People often compare the general computing expenses of VP and OR: that is, what additional work does two different systems need to do for a given off-chain computing task? In the following we will start around StarkWare's STARK, because this is the VP framework we currently apply.

OR: Since 100 verifiers supervise each other can basically guarantee the correctness of the entire calculation, when it comes to OR, the number of verifiers is in the hundreds. At the verification stage, each validator needs to perform a calculation task again, so the cost of doing general calculations in OR is 100 times that of the original task.

It is necessary to explain that the smaller or more pre-assigned sets of validators, the easier it is for validators to collude with each other, or to be bribed or attacked by outside parties.

STARK: Since the computational cost of the verification process is negligible, it requires only one entity-the prover-to do a lot of calculations. How insignificant is the computational cost of verification? Now we can even use a simple smartphone to verify a large number of calculation results, so we can ignore the calculation consumption of verification. It is often said that the prover's computational cost is 10,000 times that of the original task because the proof consumes a lot of calculations to generate. But in fact, the calculation cost required by StR is only 100 times, so the additional calculation cost is roughly equal to the OR. The reason why StR's calculation cost is only 100 times is because of the following reasons:

  • For arithmetic / geometry operations, we have reached less than 100 times the computational expense. The Pedersen hash function currently applied only adds 20 times more computational cost than the original operation: that is, using STARK to prove the correctness of a Pedersen hash value is only 20 times slower than directly calculating Pedersen.
  • For operations that are known to be computationally expensive like SHA-256, we are trying to replace those functions with STARK-friendly operations. We are currently funded by the Ethereum Foundation to conduct these studies, and in the first quarter of 2020, many crypto bulls will submit to us their suggestions for alternatives.
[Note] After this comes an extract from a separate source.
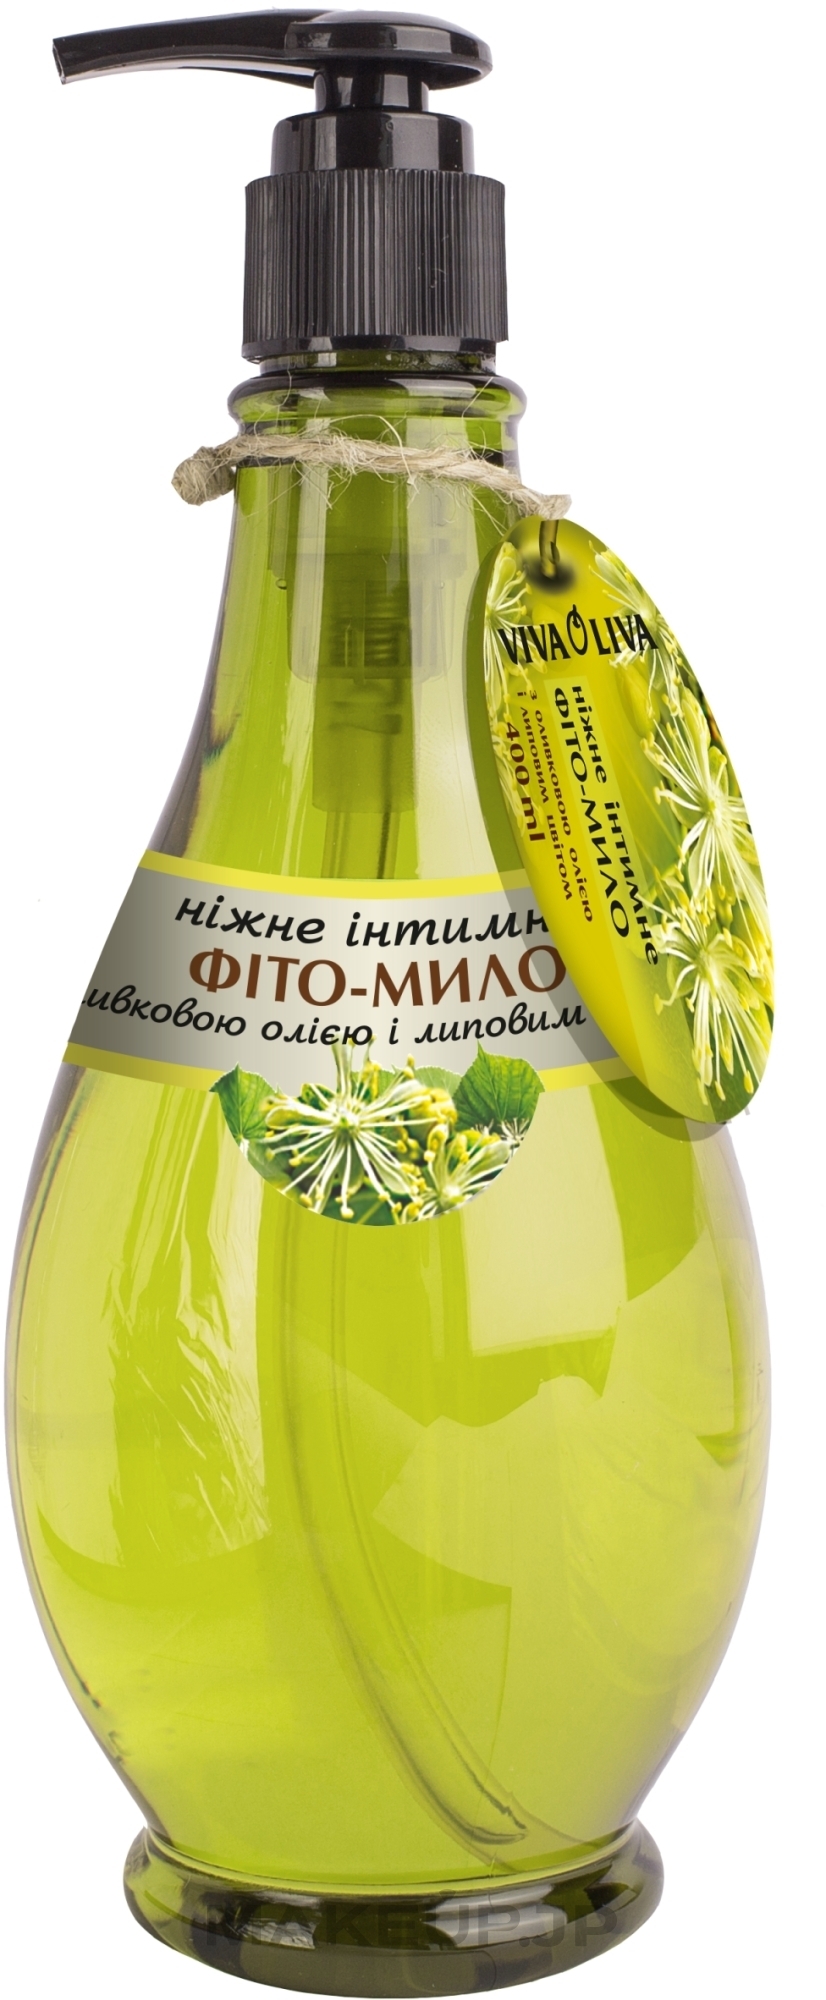 Gentle Olive Oil & Linden Blossom Intimate Phyto-Soap - Vkusnyye Sekrety Viva Oliva — photo 400 ml
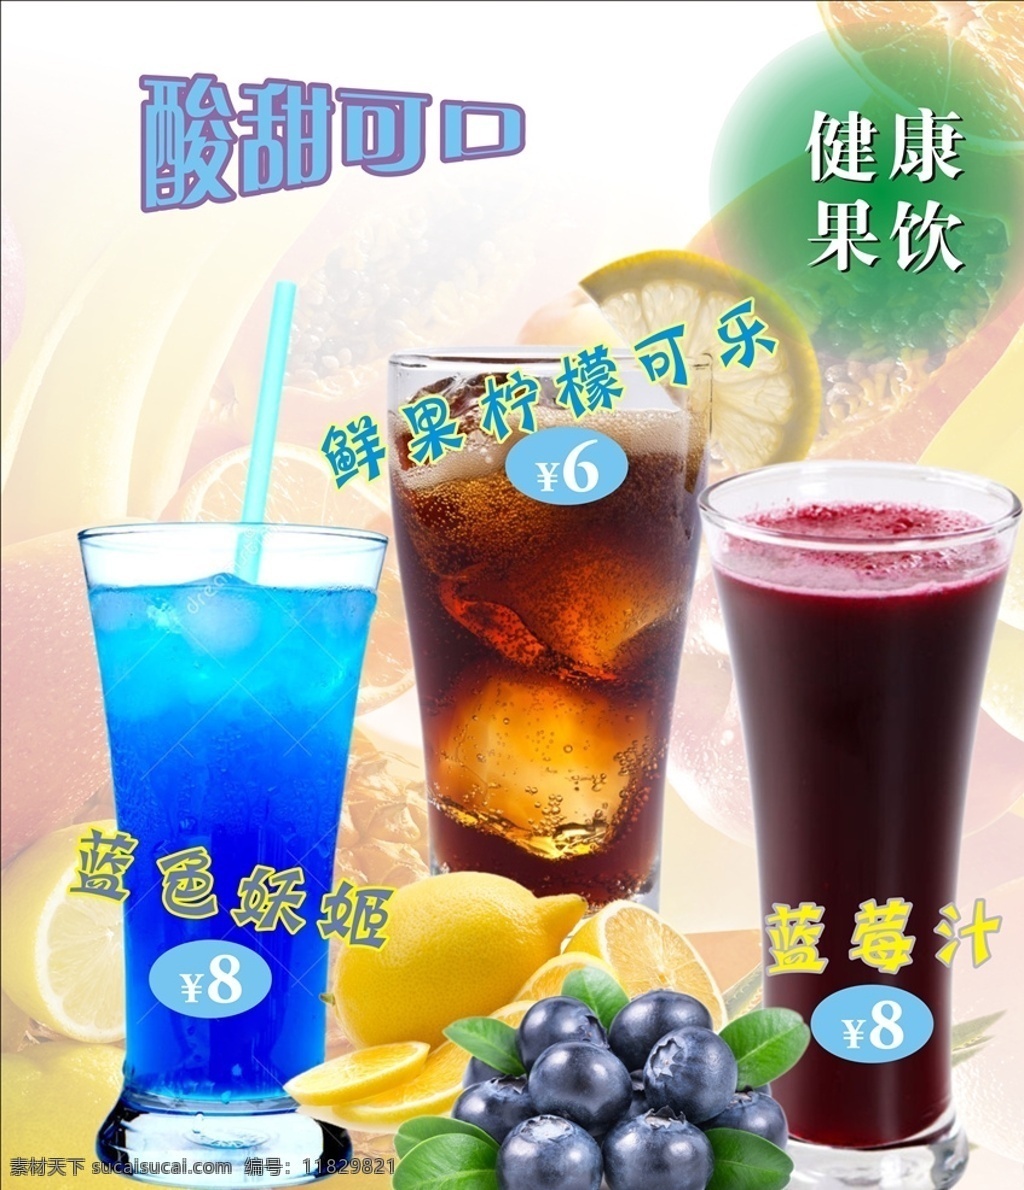 奶茶店海报 蓝色妖姬 夏日饮品 店长推荐 果汁 奶茶 招贴设计

It is estimated that the STARK-friendly hash function is only 100 times slower than the direct calculation of some efficient hash algorithms (such as SHA-256).

Finally, many people call OR because it can be used in general computing and will support EVM code. VP does not have this feature. We are optimistic about using STARK in general purpose computing.

Thanks to Dan Robinson, John Adler and Vitalik Buterin for their feedback on this article.

¹ BLS is often considered an efficient aggregate signature mechanism. We believe that BLS will not only apply to this use case, as it is the best way to integrate multiple signatures into a single message. In the use case of OR, many messages need to be signed by the sender / sender of the transaction; and the verification of the BLS signature takes 10ms / signature (one pair of operations per message), which is not only the burden of the verifier (off-chain), The main chain also needs to handle this consumption when discriminating fraud.